Ignoring every picture, transcribe the data in full as it stands.

Data extract Start Marker

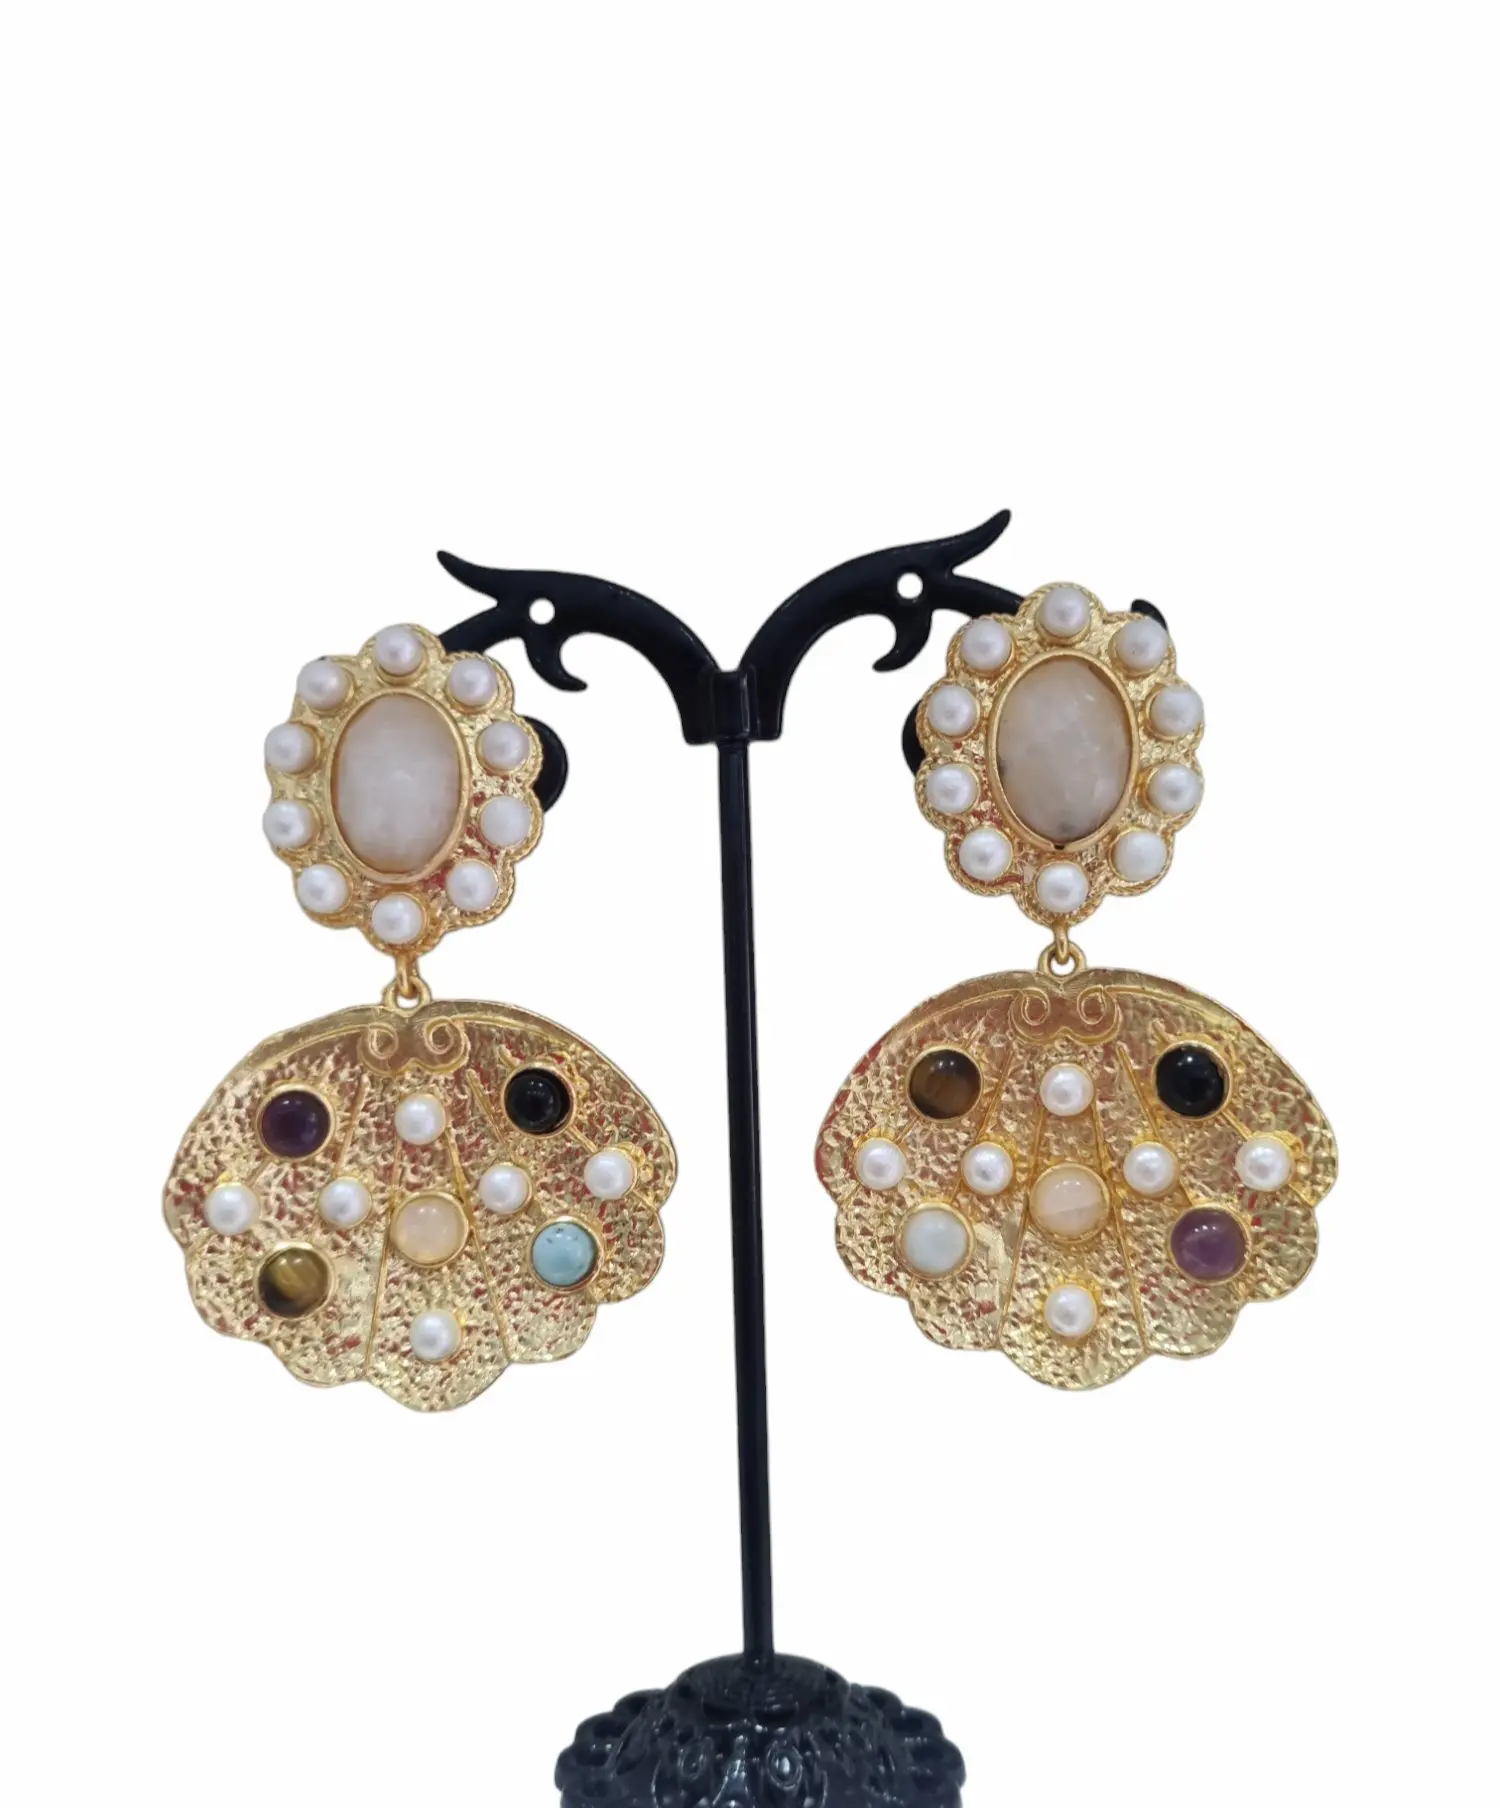 Orecchini  realizzati con pietre naturali e perle incastonate nell ottone.
Peso 13.3gr
Lunghezza 6cm

Data extract End Marker

--- Exercise response ---
 Orecchini  realizzati con pietre naturali e perle incastonate nell ottone.
Peso 13.3gr
Lunghezza 6cm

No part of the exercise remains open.